Four South African mixed martial arts (MMA) competitors have tested positive for banned substances. This follows in- and out-of-competition testing by the South African Institute for Drug-Free Sport (SAIDS).
The Johannesburg-based Extreme Fighting Championship (EFC) organisation, which has 130 MMA athletes on its books and staged more than 100 bouts in 2015, has strongly endorsed SAIDS’s testing of its contestants. EFC president Cairo Howarth said: “We are delighted to be working with SAIDS and WADA (the World Anti-Doping Authority).
We always have and always will strive for a safe and fair playing field for our athletes. EFC was the first MMA organisation in the world to officially align with WADA.”
He added: “Doping is a reality in modern sport and can only be combated effectively if all stakeholders work together, and EFC will do as much as possible to assist SAIDS and WADA in this process.” SAIDS chief executive officer Khalid Galant said that EFC’s approach to having its athletes tested was “admirable and refreshing”.
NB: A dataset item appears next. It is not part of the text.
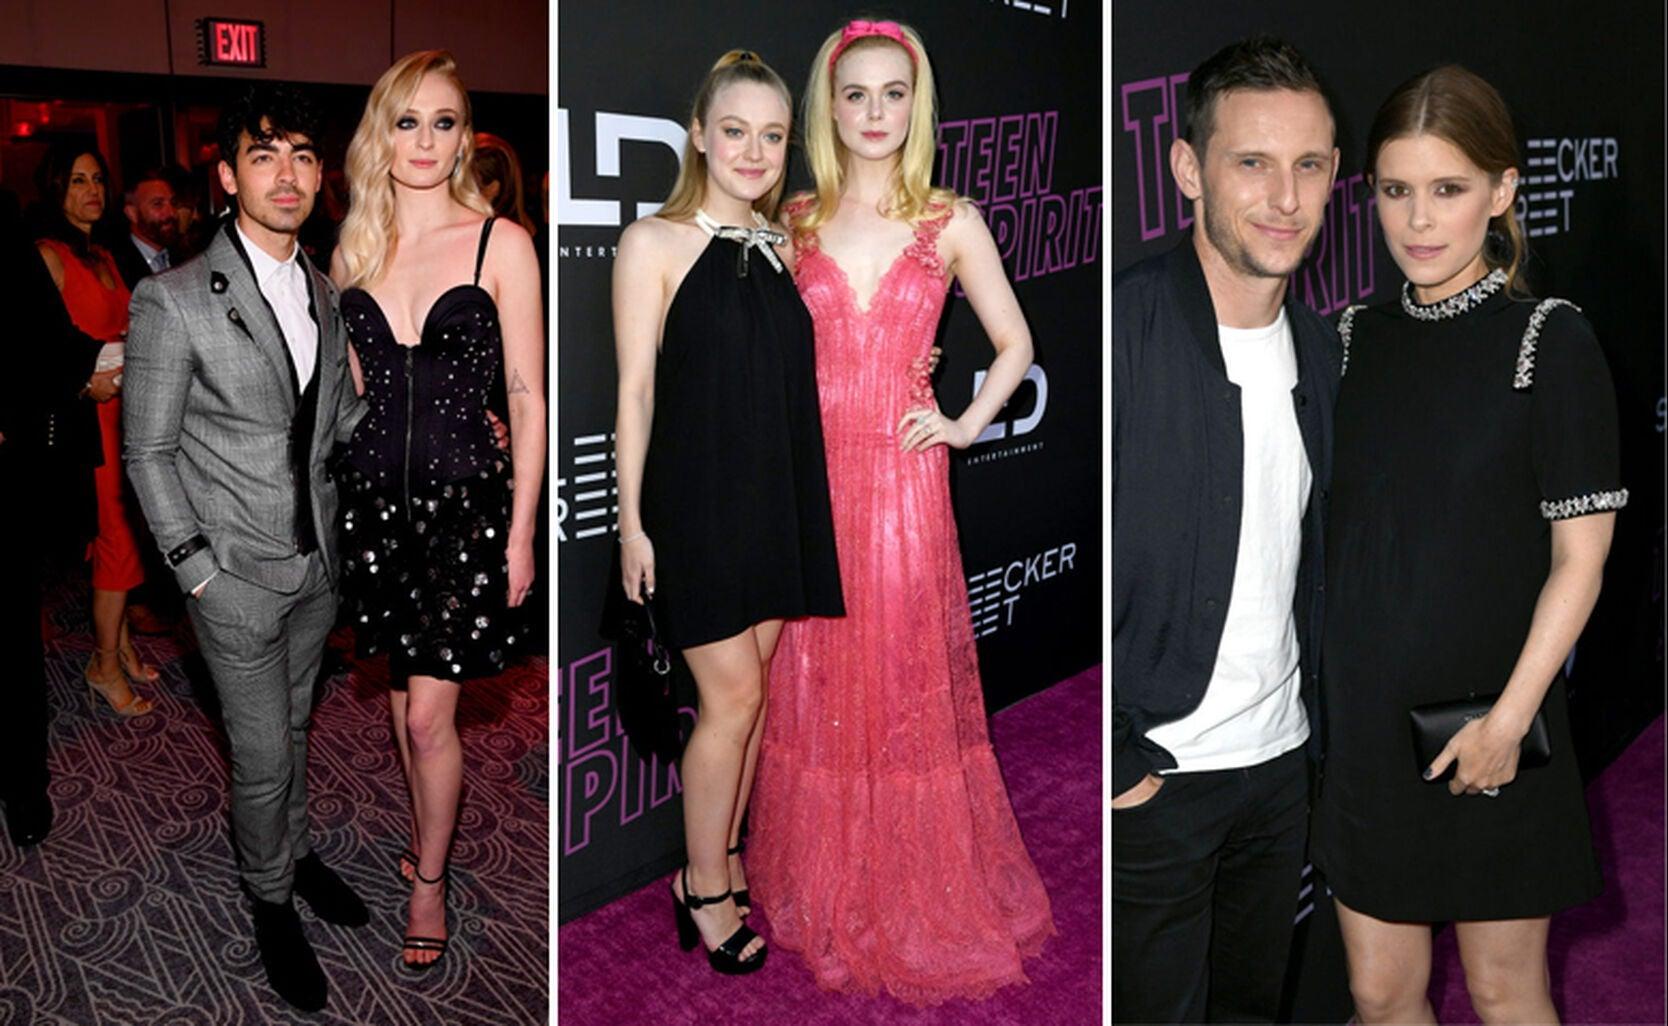 Joe Jonas with Sophie Turner, Dakota Fanning (L) with Elle Fanning, Jamie Bell with Kate Mara

“It’s openness is a credit to the organisation and the sport. There are many sports administrators who could learn from its approach, which ultimately ensures that all competitors are on a level playing field,” said Galant. Howarth explained that “months of preparation and training go into preparing for a single bout, and stakeholders need to do as much as possible to ensure that it is a fair and safe contest”.
The athletes who returned adverse analytical findings (positive tests) are:
• Mario Ferreira of Pretoria, who was found to have the diuretic Hydroclorothothiazide in his system when tested in-competition on July 11 last year. Diuretics are prohibited because they have been used by athletes to gain an unfair advantage, especially in sports with weight categories. They assist with rapid weight loss or to mask the presence of other banned substances.
• Cole Henning of Pretoria, who was found to have the stimulant Methylhexaneamine in his system when tested in-competition on July 11. Stimulants are generally used by athletes on the day of competition to improve performance.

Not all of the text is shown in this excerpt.